-- Task material --
···

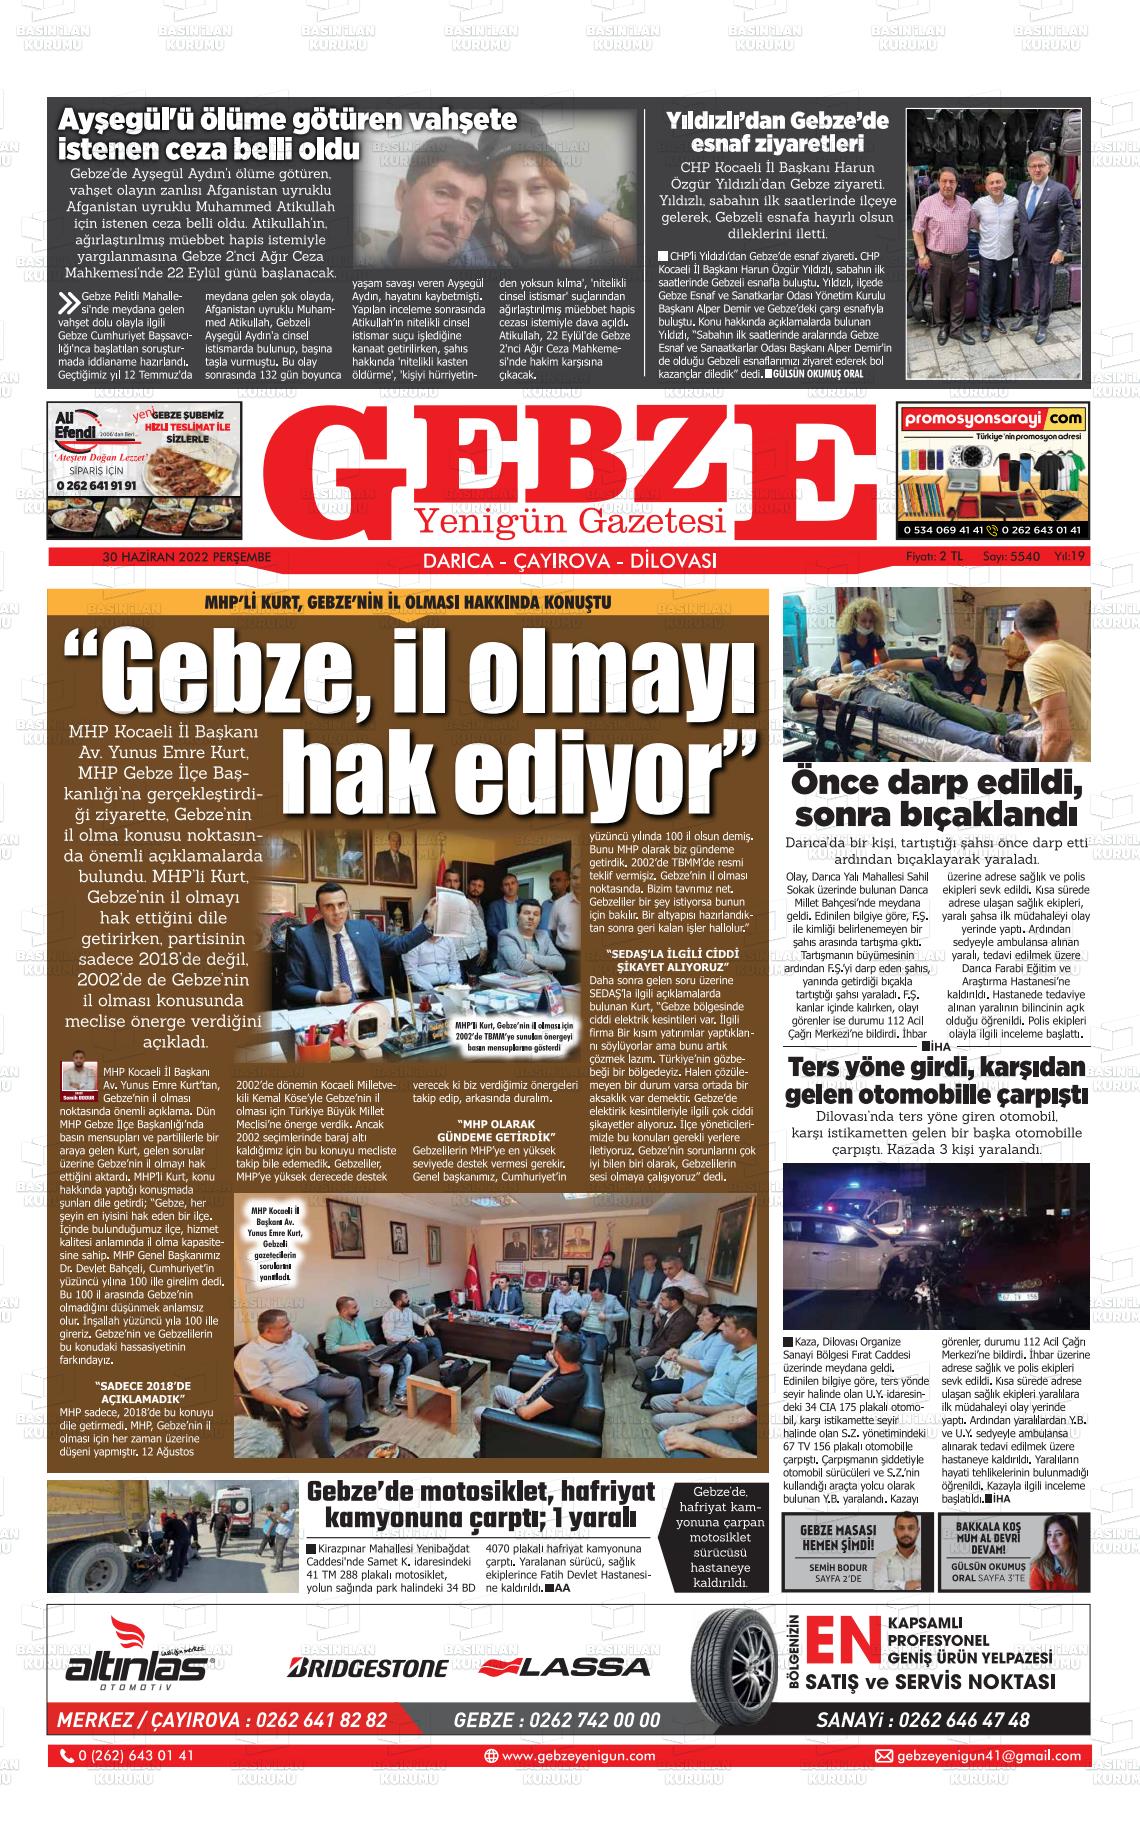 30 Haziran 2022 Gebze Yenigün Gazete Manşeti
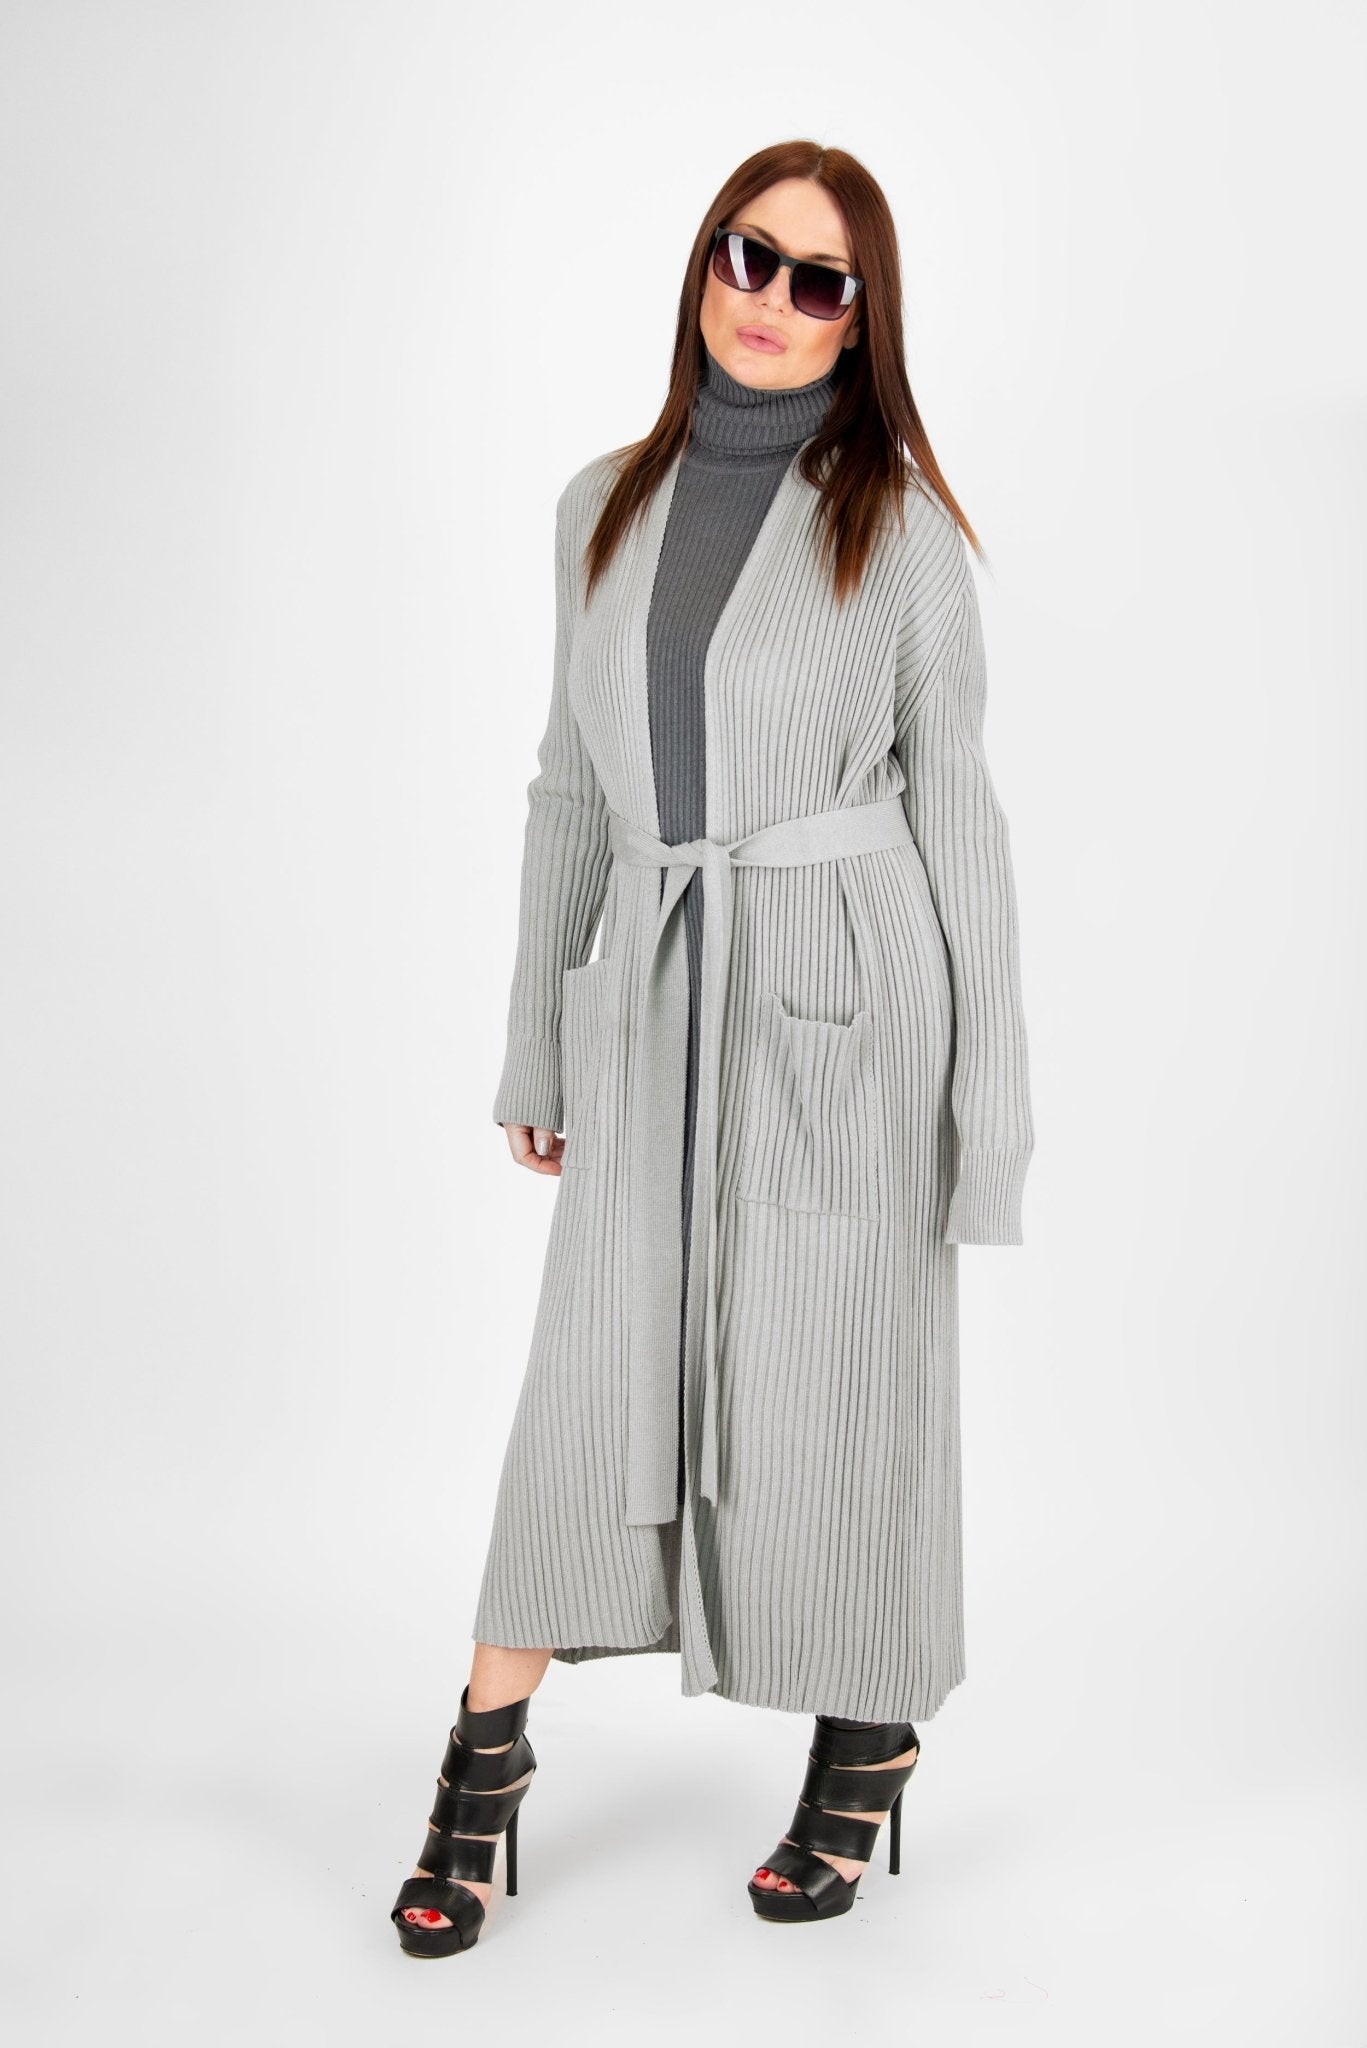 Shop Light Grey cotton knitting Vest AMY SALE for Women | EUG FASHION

···

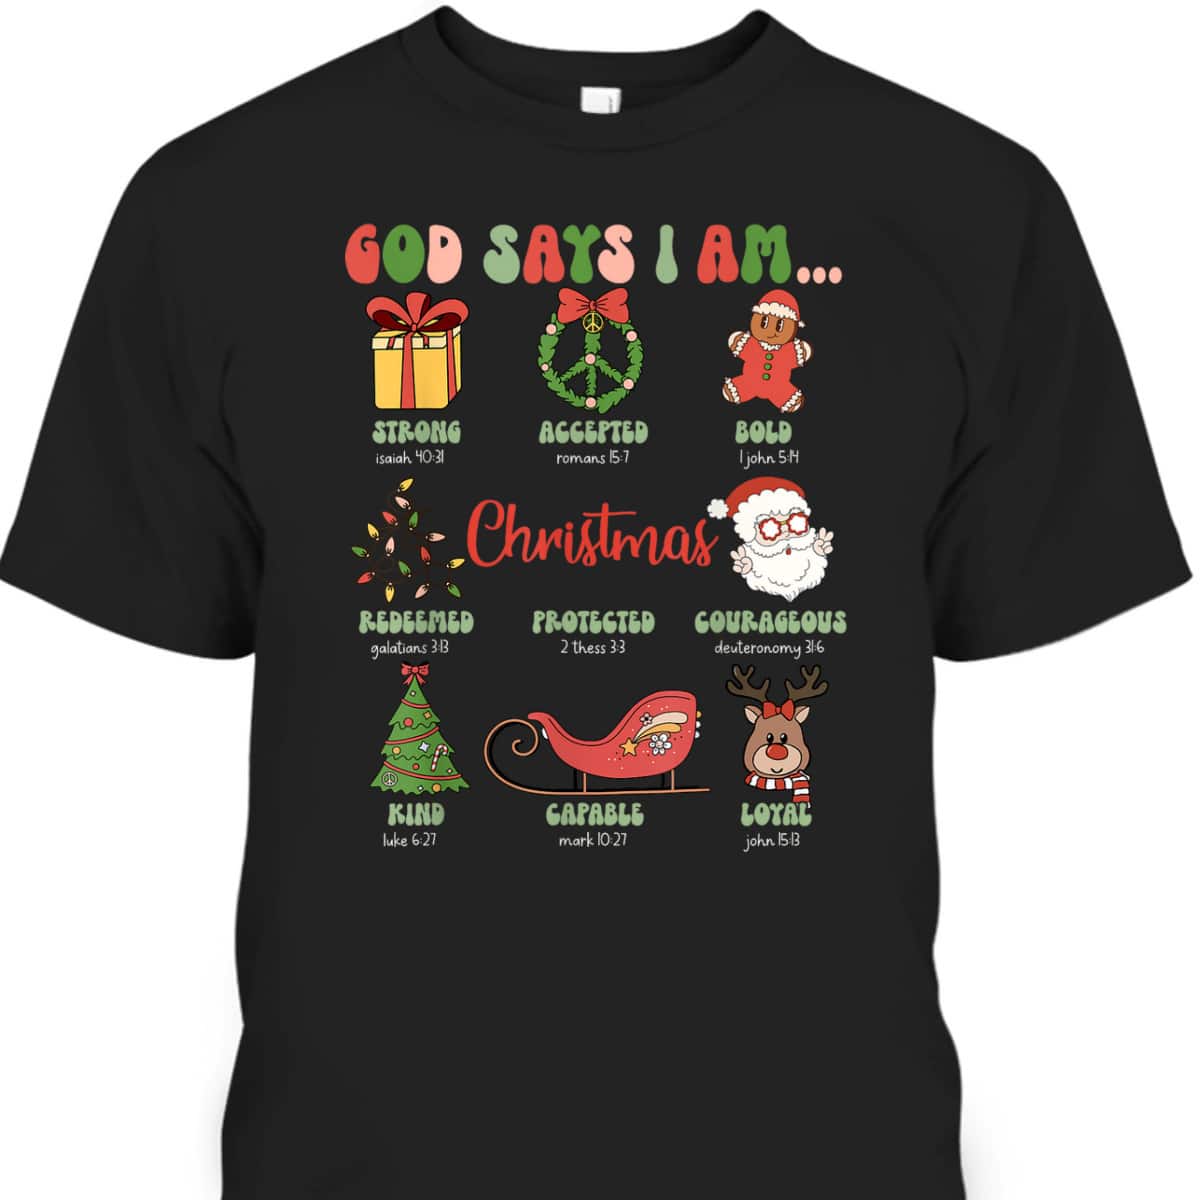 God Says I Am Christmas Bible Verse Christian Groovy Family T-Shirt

···

-- The task --
Copy the lines above exactly, starting with the line that contains "30 Haziran 2022 Gebze Yenigün Gazete Manşeti" and ending with the line that contains "Shop Light Grey", and leave out any pictures.

-- Output of the task --
 30 Haziran 2022 Gebze Yenigün Gazete Manşeti
 Shop Light Grey cotton knitting Vest AMY SALE for Women | EUG FASHION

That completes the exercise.